What stood out for me the most in my memories of the late Corazon Aquino was how she seemed like the most unfit person for politics as we know it. Her rather "mixed" (to put it as charitably as possible) record of ruling attests to that, but there is something else. She carries herself so unassumingly, and speaks so plainly, that one can tell that power has not eclipsed the person. The last Philippine president to pull that off was the sadly short-lived Magsaysay, and even then, one can speculate that if he had lived to the end of his term, he may have been exposed as someone just like the rest of them. But there will be no such speculation with Mrs. Aquino, who came to power a simple woman of faith and left power a simple woman of faith. There is no taint of the professional politician about her. If only others who enter the corrosive fields of politics were as fortunate, to leave as themselves and not as the creatures the quest for power had turned them into. One glance at the current sad-sack crop of "presidentiable" candidates is enough to give a clue as to the toll professional politics has taken on the ones who purport to master it. One is a glorified hack whose impoverished background provides, not a source of character, but cheap demographic points.

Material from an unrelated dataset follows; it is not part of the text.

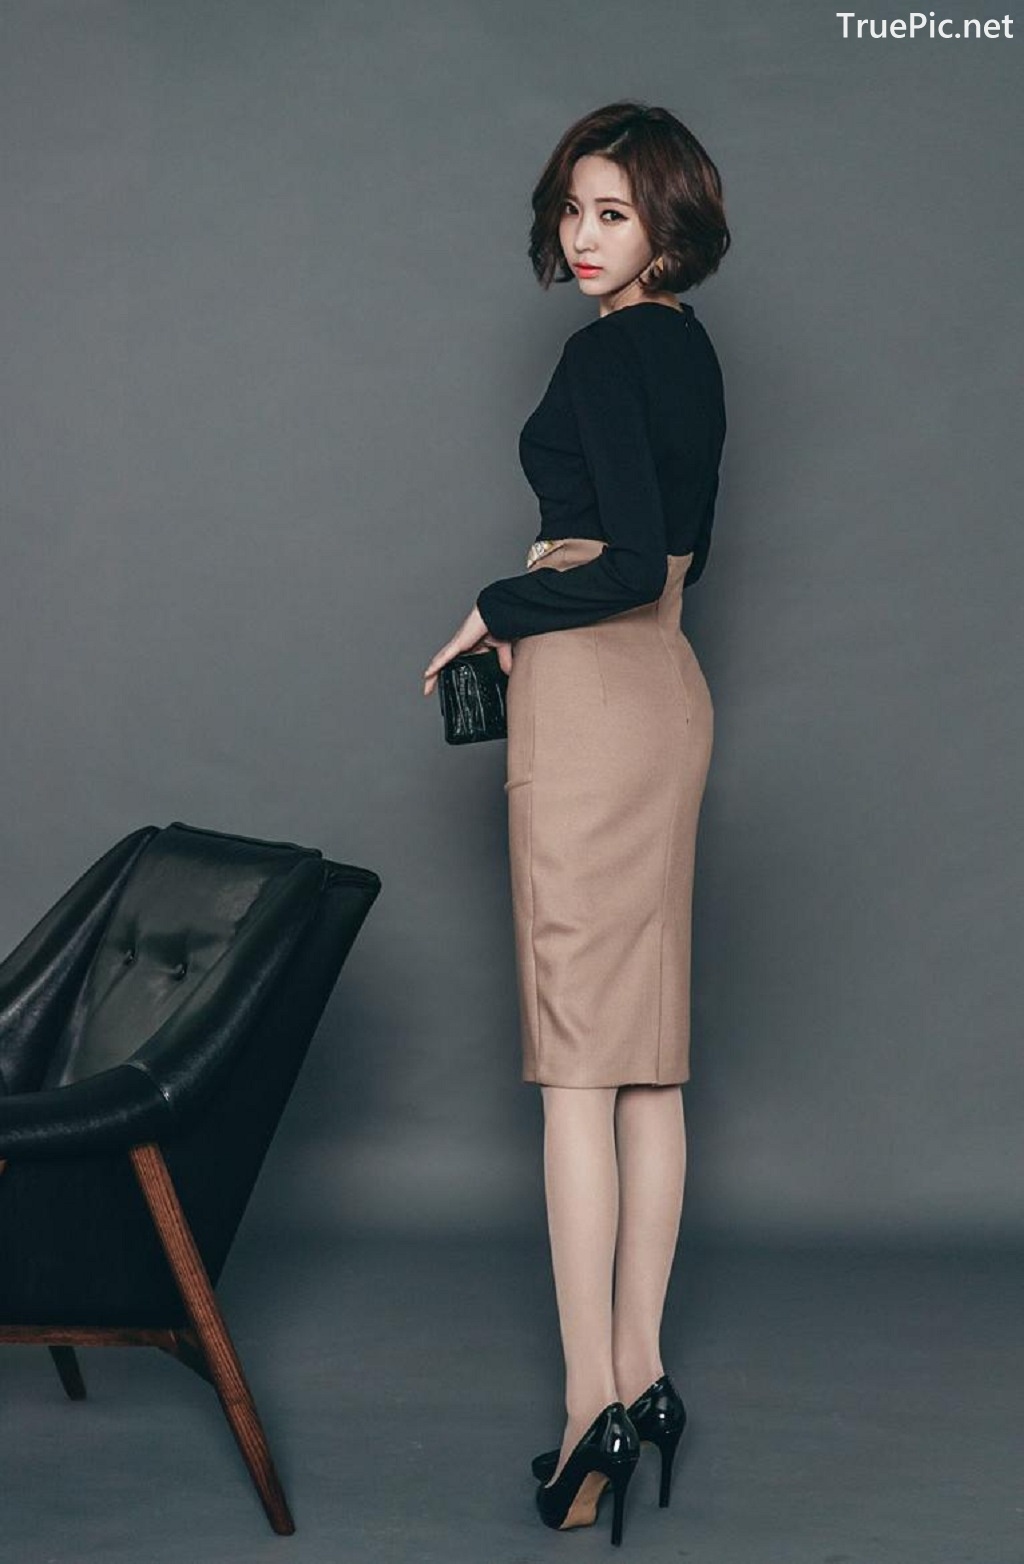 Image Ye Jin - Korean Fashion Model - Studio Photoshoot Collection - TruePic.net - Picture-18

Another is a guy who pretends he cares about markets and pedicabs, when his uncalloused hands look like they've never done a decent day's work in his life. Another is a blank slate who will be whatever the voters want him to be. Another is a depraved (alleged!) lesbian masquerading as a moral force. None of these are real people, only simulacra programmed to pursue power like flies to spilt honey. If every generation of political aspirants are but derivatives of these, then I shall not wonder why Corazon Aquino, like Cincinnatus before her, will be considered a "myth" just a few generations down the line. That she kept her own person in both taking and relinquishing power will be an impossibility beyond the wildest dreams of these golems striving for power. This is why I will fondly remember her. Corazon Aquino: person.

Requiscat in Pace

1933 - 2009

"All we have to decide is what to do with the time that is given to us."